Call him Stretch. Kevin’s his real name, but Stretch is what Kevin asks people to call him. Is it because he’s stretched so thin? Stretch is a bummed out, burned-out limo driver in Los Angeles. Yes, his name is Stretch, one of those obtuse single-name guys like Bullet or Kojak or Batman. Here, Stretch is Patrick Wilson. He talks a lot during his own film. So very much. He talks an irritatingly obvious amount. For example, when a competing limo driver shows up at Stretch’s bungled pick-up for a seemingly insane David Hasselhoff (a real cameo), he offers up this crackling observation of his competitor:
“The ‘Jovi.’ He lorded over his company Cossack with an iron fist and a white-maned hair metal band wig that looked like Dog the Bounty Hunter had been dropped into a deep fryer. I don’t care how it sounds. That hair scared the living shit out of me.”

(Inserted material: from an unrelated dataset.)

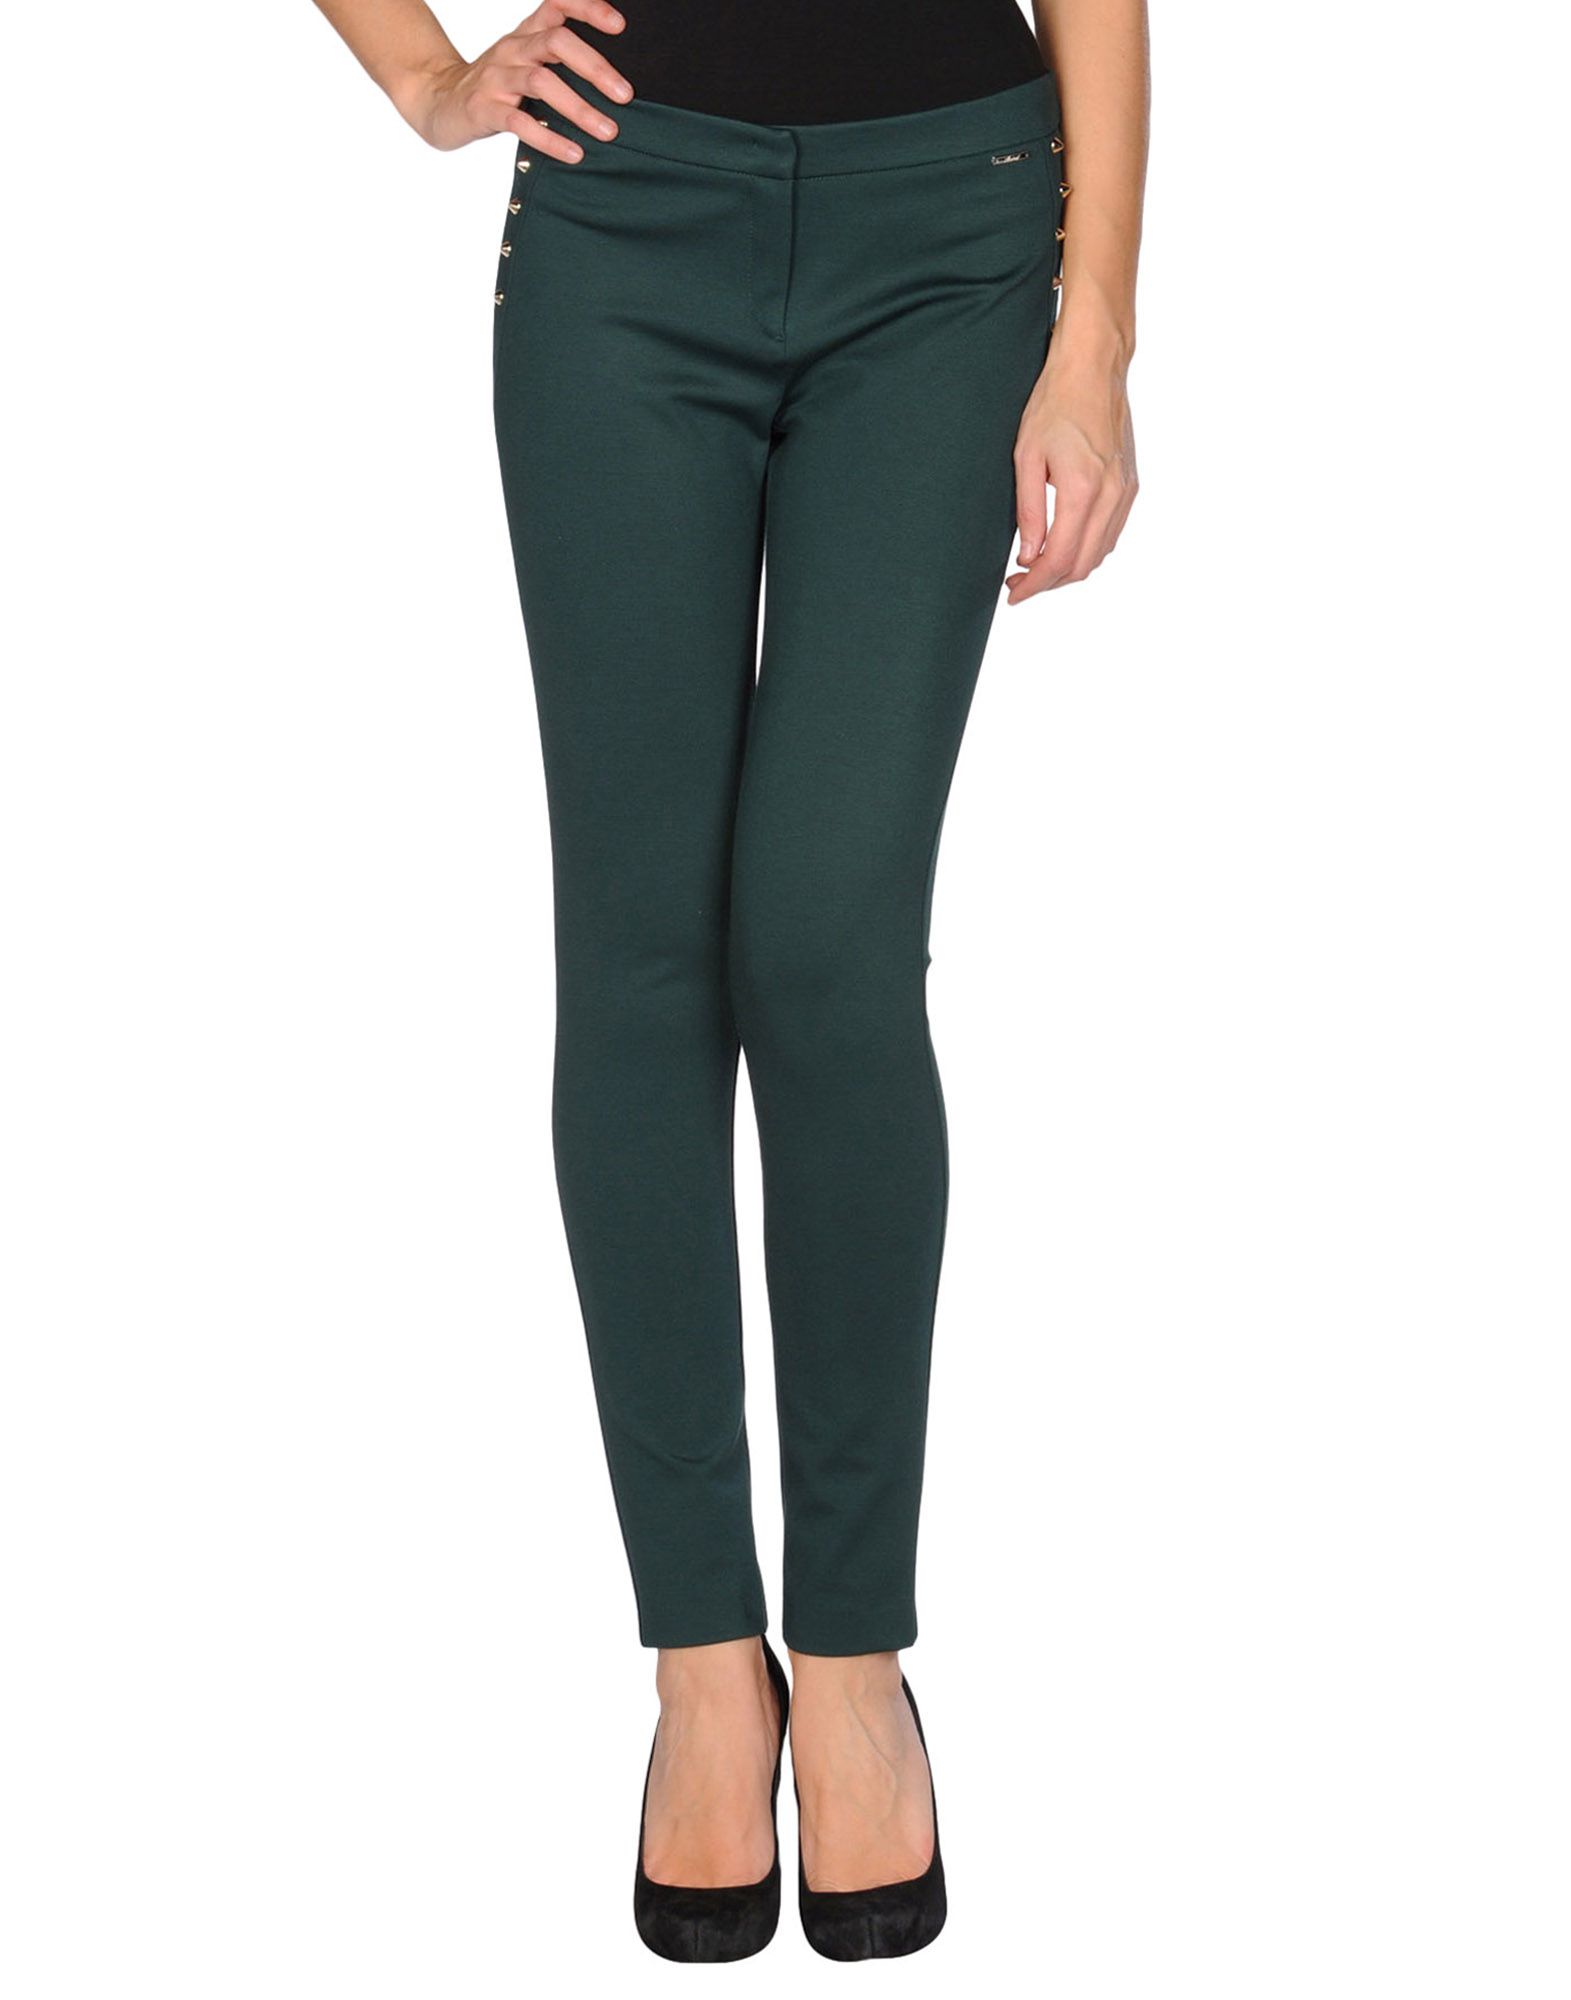 Foto Acciaio Pantalones Mujer Verde oscuro

It’s not Marlowe, that’s for sure. It’s not even Thompson. What is this? Wait, why would Stretch, let alone any person, talk like this?
…oh no.
Hey, Joe Carnahan, did you not get the memo? Everyone stopped trying to play Quentin Tarantino over a decade ago, and you’re just annoying folks now. Didn’t you get tired from over-exerting yourself with Smokin’ Aces, The A-Team, and Blood, Guts, Bullets, and Octane? We get it. You’ve got spunk. You once pitched Aces as if Fellini made an action film, and we’ve been snickering at that ever since. Still, it’s 2014, and now you’re making a hyperactive variation on Collateral: down-on-his luck chauffeur wanders into the night and witnesses seedy things, from Mexican/Russian organized crime to luchador minis running out of an orgy. Stop it. Be somber, Joe. No need to be petty. We really like your sterner stuff, like Narc and The Grey.
Deep beneath the snotty showboating is a funny concept: a black comedy about competing limo drivers and L.A.’s vanity-driven, liar-loving culture. When Stretch wants to have a laugh and mock the shallows of the City of Angels, it’s amusing, like a second-tier FX sitcom about dicks.
When it tries to talk tough, playing fast and loose with a “dude’s crazy night” concept, Stretch runs out of gas quickly. The last act settles down only after too much ground is covered, when you quit trying to keep up. It’s then that the film finally crystallizes its nutty, willful plot twists, and quits with all the narration.
Wilson’s never seemed so beat, and you’ll know why. Ed Helms is a ghost haunting Stretch. Stretch encounters the dumbest voices and accents imaginable via cops and mobsters. Cheap rock and synth music pervades; an M83 “Outro” knock-off happens, likely because this baby went straight to video with limited budget. Chris Pine is an eccentric billionaire, sporting little more than a child’s tiger backpack, a jockstrap, and an enormous beard and wig.
Stretch thinks it’s so damn clever, and is totally self-satisfied with its over-written dialogue. It’s complacent with its “fucks” and temper-tantrum rantings. Stretch hollers, and Stretch pontificates. Think that’s harsh? In one moment, Pine waxes philosophical about being a firestarter to Stretch, while sitting in the back of the long black car. Then he starts a fire, setting the limo ablaze and conceptually reigniting Stretch’s life. Sweet metaphor, bro.